According to the method, 3 models which are most suitable for detecting CPU occupation, memory leakage and network delay are automatically selected from 8 abnormal detection models through a pre-training mechanism, and the 3 models are cascaded, so that the purpose of fault diagnosis of observed data is achieved. In addition, the purpose of locating the fault service is achieved by capturing the abnormal mode of the fault data and combining the abnormal mode with the root cause locating method. Meanwhile, by comparing the fault diagnosis and root cause positioning performance with the existing method on 5 real micro-service data sets, the method is proved to be capable of realizing higher fault diagnosis and root cause positioning; the method and the system realize the diagnosis of system faults in huge data in a micro-service architecture and complex dependency relations of each service, and locate the root cause of the faults.
The working principle of the fault diagnosis and root cause positioning method of the micro service system is as follows:
in the description of the present working principle, x= 8,x =3
Training and optimizing 8 abnormal detection models by a training data set; and 3 models with the best abnormality detection effect are automatically selected from the 8 optimized abnormality detection models by sampling data to serve as cascading models for fault diagnosis. In the training optimization of the anomaly detection model, three models with the best effect of detecting three faults are obtained respectively. The data generated during normal operation of the CPU, the latency and the memory in the training data are respectively extracted and put into the corresponding models, and the models are trained, so that the three models can fully learn the characteristics of the CPU, the latency and the memory during normal operation. And determining the diagnosis sequence of the faults by using the F1 value when the model is selected. The F1 value of each model is used as the diagnosis sequence in the order from the big to the small.
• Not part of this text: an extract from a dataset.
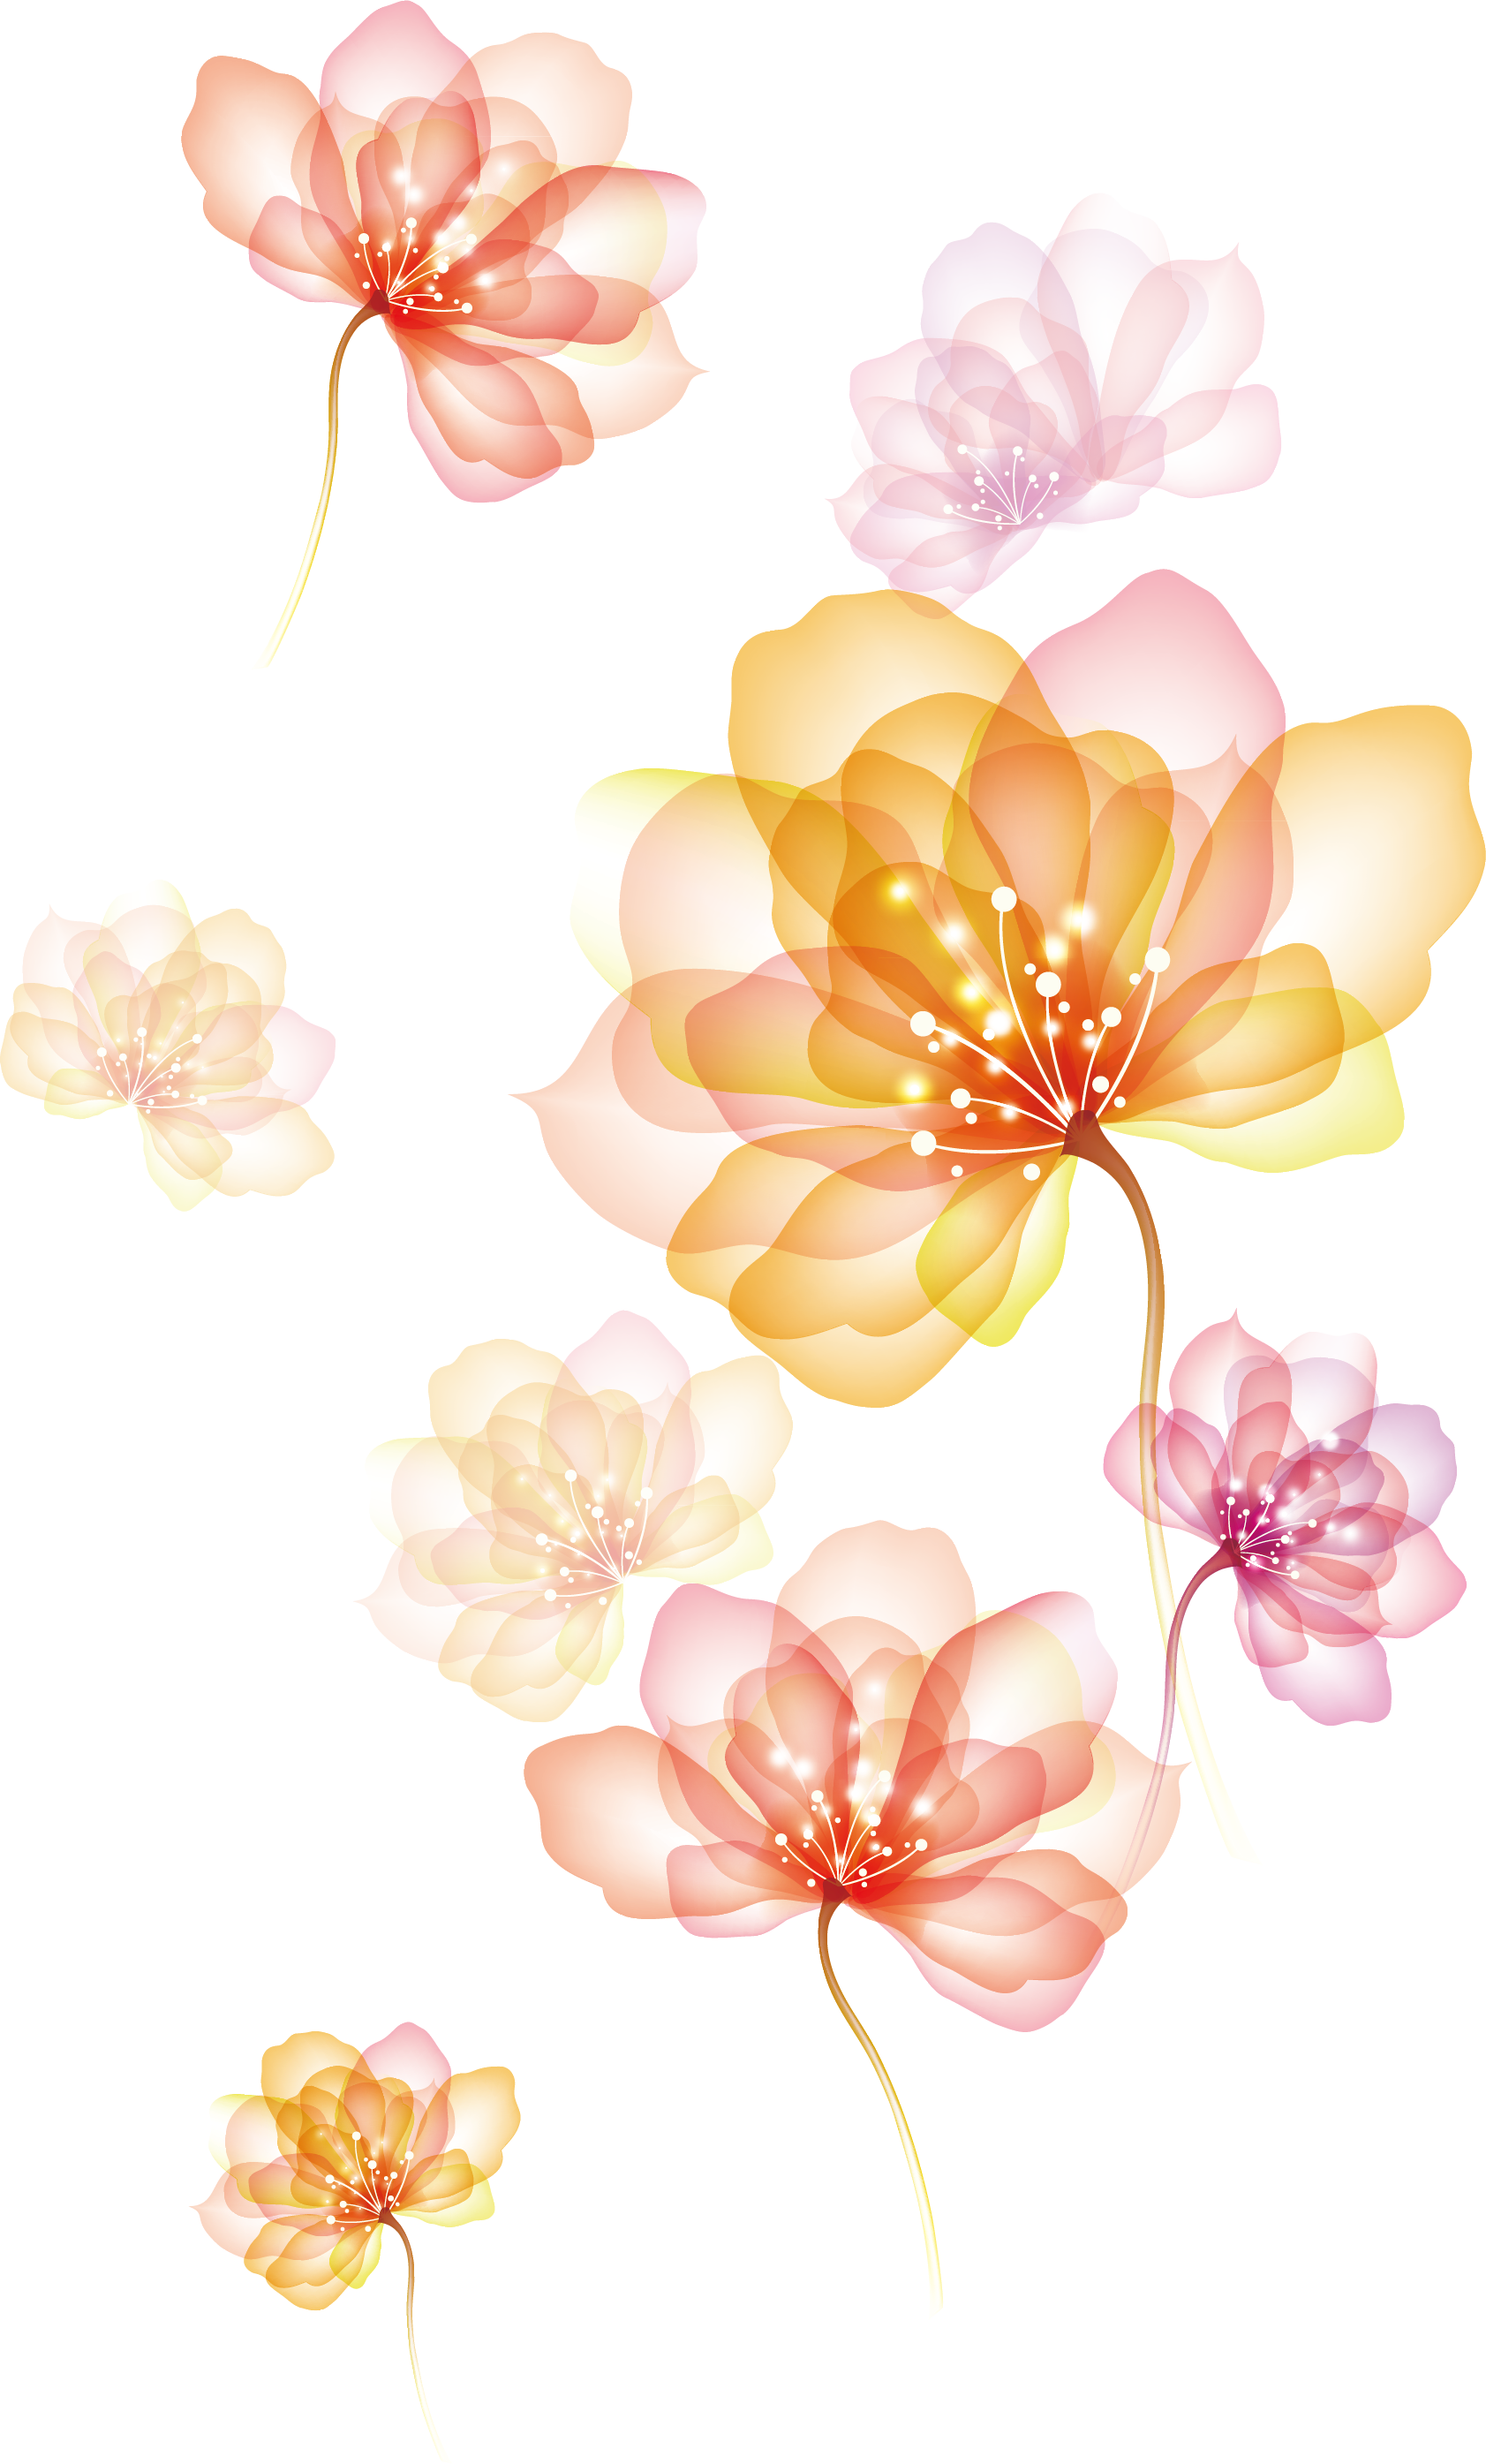 Of Spreading Flowers Effect Download Free Image PNG Image

In the test stage, the trained three models are cascaded, fault diagnosis is carried out on input data, and the fault diagnosis flow is shown in figure 3. The method comprises the following specific steps: when input data passes through the abnormality detection model 1, only detecting the fault 1, outputting the data as the fault 1 when the detected data is abnormal, otherwise, representing that the data is normal or other types of faults, then placing the data which is output by the model and is not the fault 1 into a second abnormality detection model, diagnosing the fault 2, and so on, and finally outputting x faults by x abnormality detection models, and outputting the data which does not meet the x faults as normal data.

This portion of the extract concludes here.